What is the difference between OLAP and OLTP?

  • OLAP: read whole database (aggregated)
  • OLTP: read + write single transactions

How business-models are created by Big Data?

  • use service, pay service >> provide data >> people pay with data

What are the V's of Big Data? (4+...) Briefly explain.

  • volume: # instances, feature
  • velocity: quick changes, new data
  • variety: various structures
  • veracity: data = samples != facts (>> interpretation of and uncertainty in data)
  • value
  • validity
  • vagueness

What is the main idea of Deep Learning architecture?

Name examples of application of deep learning. (4)

  • integrate data transformation and model training >> joint-optimization
    • each output is input of the next step
    • minimizing nested loss-function with gradient descent
  • examples
    • image recognition
    • autonomous driving
    • search-engines
    • data management

What are gabor filters?

  • linear filters to detect edes, similar orientation of objects.

Name current developments in deep learning. (4)

  • recurrent neural networks (i.e. Long short-term memory)
  • Autoencoders (compact compressed representation)
  • generative adversarial networks (data generation based on observations)
  • deep dreams (visualisation of intermediate results >> interpretability)

Explain the data pyramid.

  • raw data >> preprocessed data >> usable data >> labeled data (decreasing amount)

What is text-processing?
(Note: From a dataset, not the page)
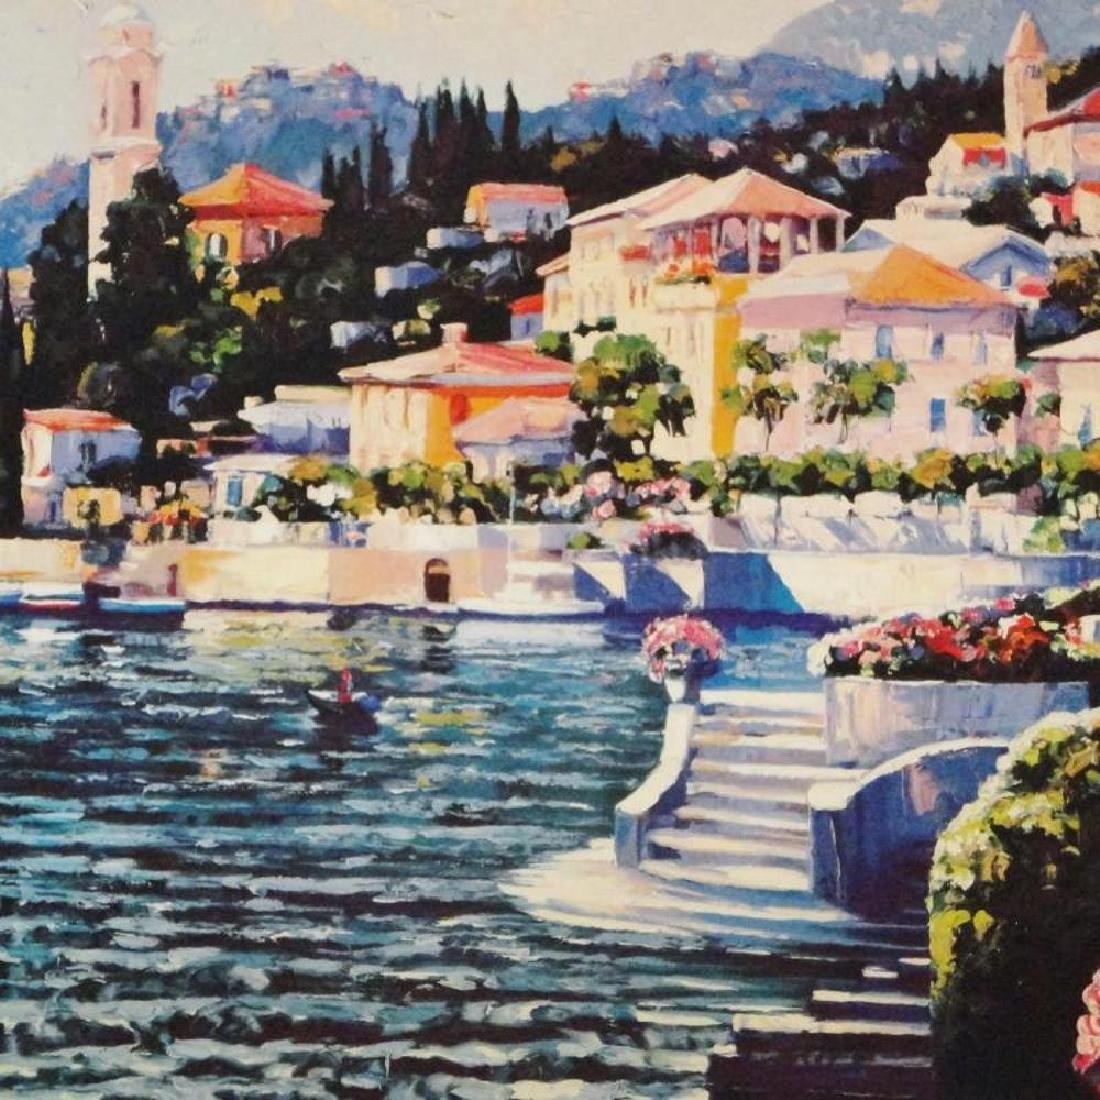 Howard Behrens Colorful Art Print Lake Como Sale - 3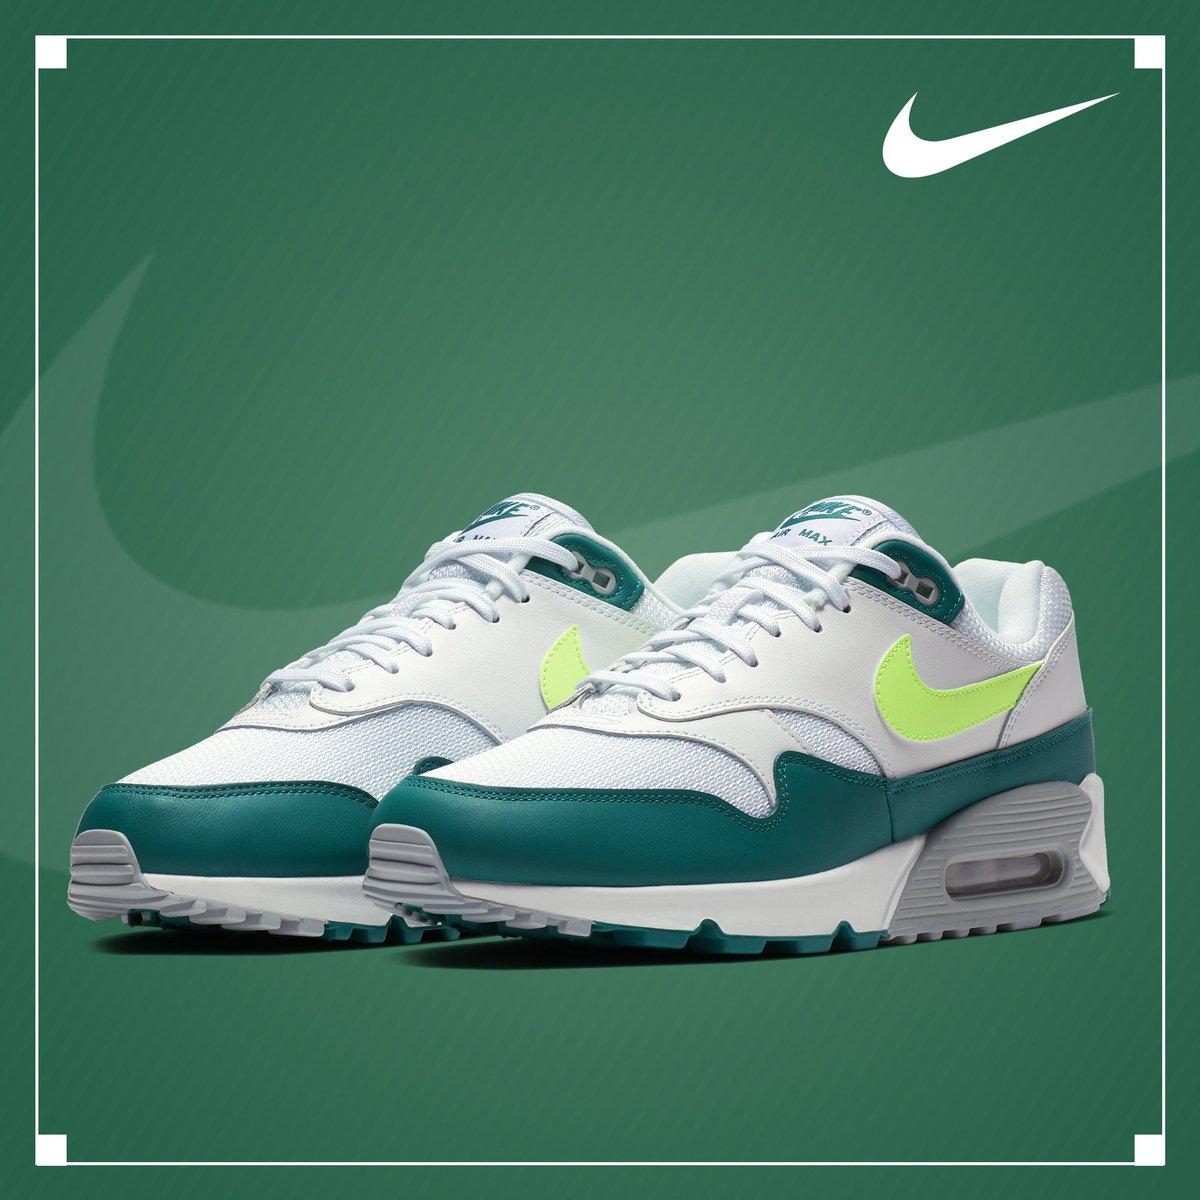 Men's Nike Air Max 901 Spruce Lime AJ7695 103 WhiteLime

Name Challenges (4)

  • patterns/similarities in large sets of documents (i.e. plagiarism)
  • challenges
    • stop words (meaningless)
    • d > 10.000
    • sparse feature-space with low frequencies
    • identifying word-stems

How to measure the relevancy of a term?

  • term frequency
    • \(TD(t, d) = \frac{n(t, d)}{max_{w \in d} ~(n(w, d))}\)
    • = probability of term t in document d
  • Inverse document frequency 
    • \(IDF(t) = \frac{|DB|}{|\{d~|~d\in DB ~\land~t\in d\}|}\)
    • = inverse probability of t regarding all documents

How to measure distance in case of high sparsity? (1 + 2)

  • problem: sparsity: frequency often 0 >> undiverse euclidean distances
  • Jaccard Coefficient: \(d_j(D_1, D_2) = \frac{|D_1 ~\cap ~D_2|}{|D_1~\cup~D_2|}\)
  • Cosine Coefficient: \(d_c(D_1, D_2) = \frac{\langle D_1, ~D_2\rangle }{||D_1||\cdot||D_2||}\)
    • useful for large d

What is the idea of shingling? (1) What is a k-shingle? What is the idea of hashing shingles?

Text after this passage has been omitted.